Personal information
- Full name: Hélder Miguel do Rosário
- Date of birth: 9 March 1980 (age 46)
- Place of birth: Lisbon, Portugal
- Height: 1.80 m (5 ft 11 in)
- Position: Centre-back

Youth career
- 1994–1995: Costa do Estoril
- 1995–1996: Estoril Atlético
- 1996–1998: Vila Fria
- 1998–1999: Sporting CP

Senior career*
- Years: Team / Apps / (Gls)
- 1999–2001: Sporting CP B / 34 / (2)
- 1999–2000: → Lourinhanense (loan) / 24 / (0)
- 2001–2002: Maia / 28 / (1)
- 2002–2003: Farense / 19 / (1)
- 2003–2004: Belenenses / 15 / (0)
- 2004–2007: Boavista / 68 / (6)
- 2007–2012: Málaga / 68 / (3)
- 2012−2013: Ponferradina / 0 / (0)
- Total:  / 256 / (13)

= Hélder Rosário =

Portuguese footballer (born 1980)

Hélder Miguel do Rosário (born 9 March 1980; /pt/) is a Portuguese former professional footballer who played as a central defender.

==Club career==
Born in Lisbon of Cape Verdean descent, Rosário started playing professionally with Sporting CP's farm team, S.C. Lourinhanense, then had a stint with the former's reserves. From 2001 to 2003, he had spells in the Segunda Liga with F.C. Maia and S.C. Farense.

Rosário made his Primeira Liga debut in the 2003–04 season with C.F. Os Belenenses, also scoring in a 3–1 away loss against S.L. Benfica in the semi-finals of the Taça de Portugal. In the following three years he was an important defensive element with Boavista FC, always in the Portuguese top flight.

Alongside countrymen Eliseu and Paulo Jorge, Rosário joined Málaga CF of the Spanish Segunda División for 2007–08, and would only miss three league games – out of 42 – during the campaign, adding goals in home matches against Córdoba CF (4–1 win) and Hércules CF (4–6 defeat, also being sent off) as the Andalusia club returned to La Liga after two years.

Rosário struggled with injuries and weight problems during his third year at the La Rosaleda Stadium, and made just two appearances in the Copa del Rey in the first part of the season. His league return only took place on 18 April 2010, in the 0–0 home draw with Real Valladolid.

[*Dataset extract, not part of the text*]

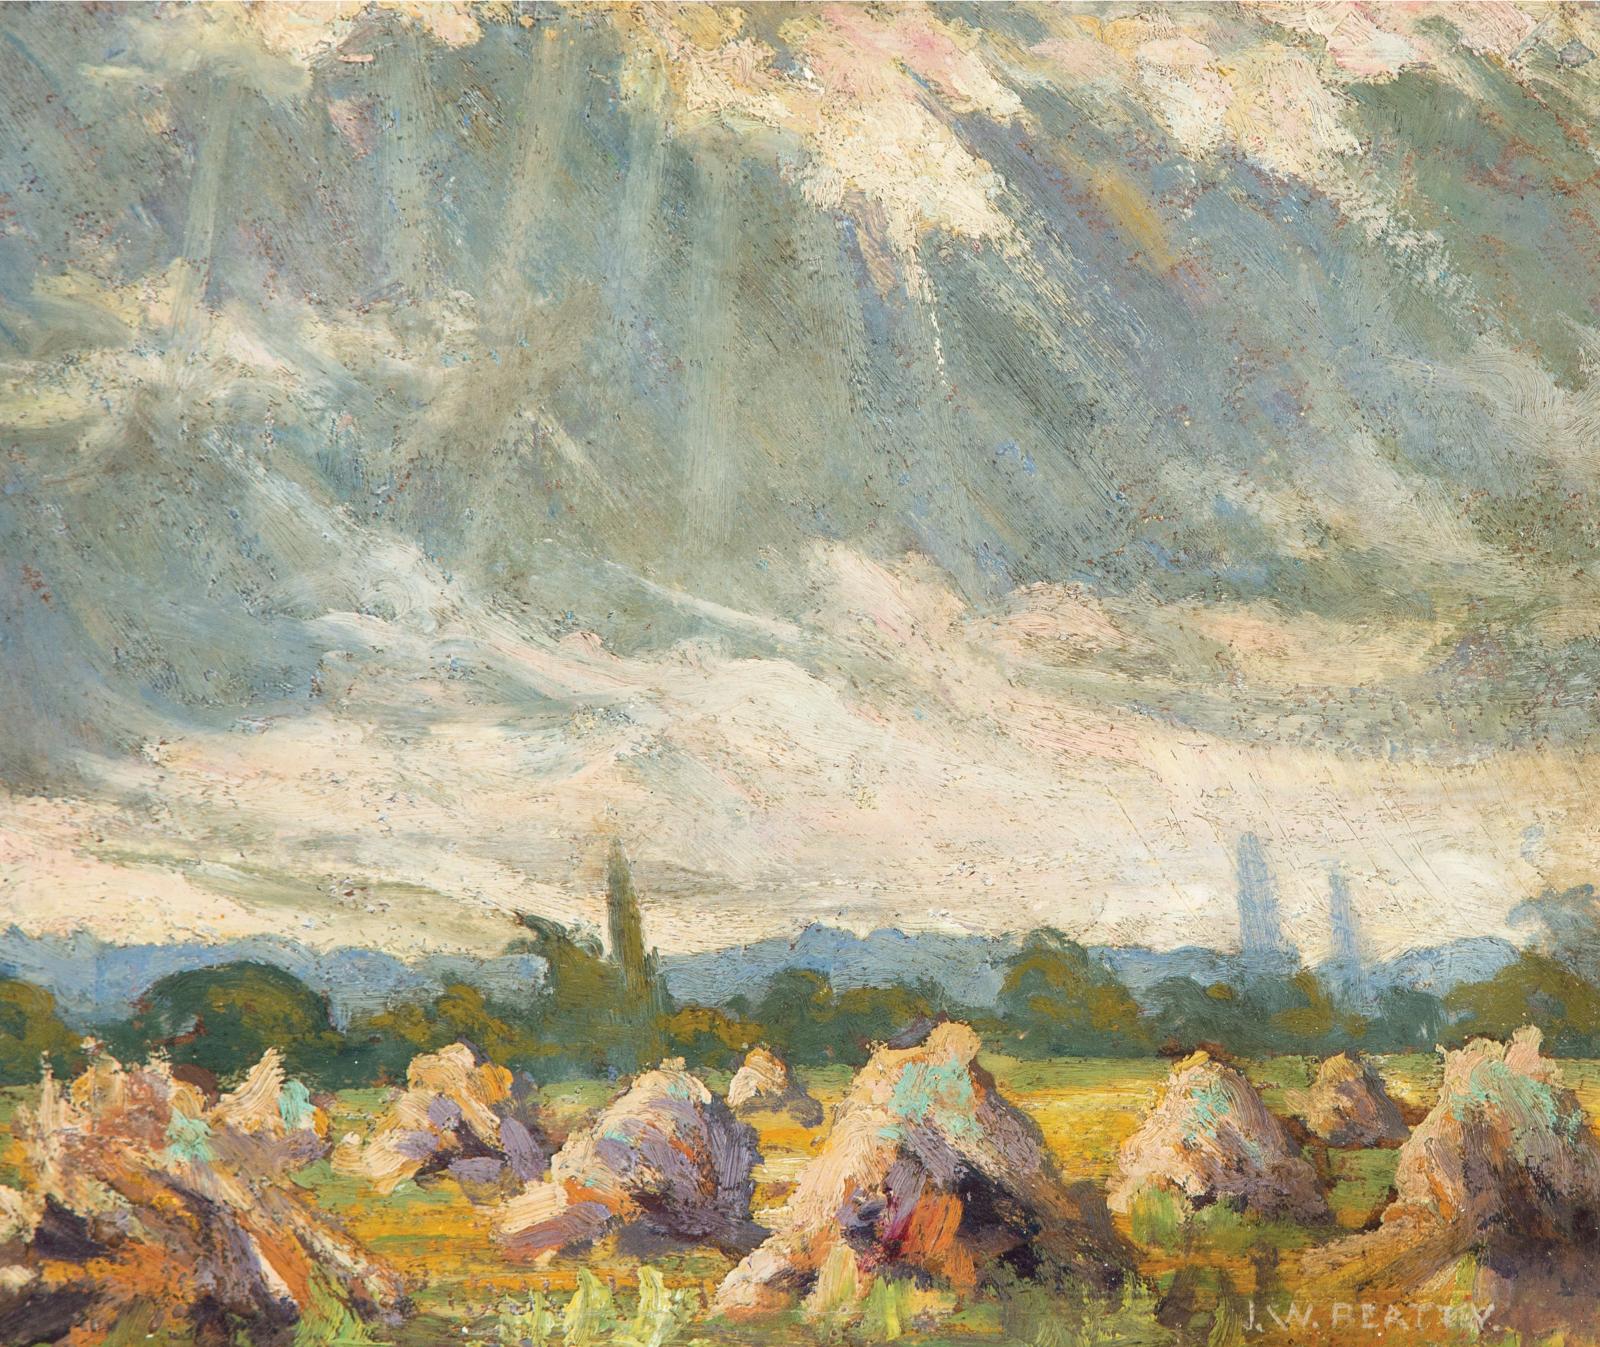 John William (J.W.) Beatty (1869-1941) - Before The Storm

In early 2011, Rosário and his compatriot Edinho were deemed surplus to requirements, being restricted to training with the first team. On 30 June 2012 his contract expired and he left, signing the following month with SD Ponferradina in the second tier. He left at the end of the campaign, having failed to play any games due to several physical ailments.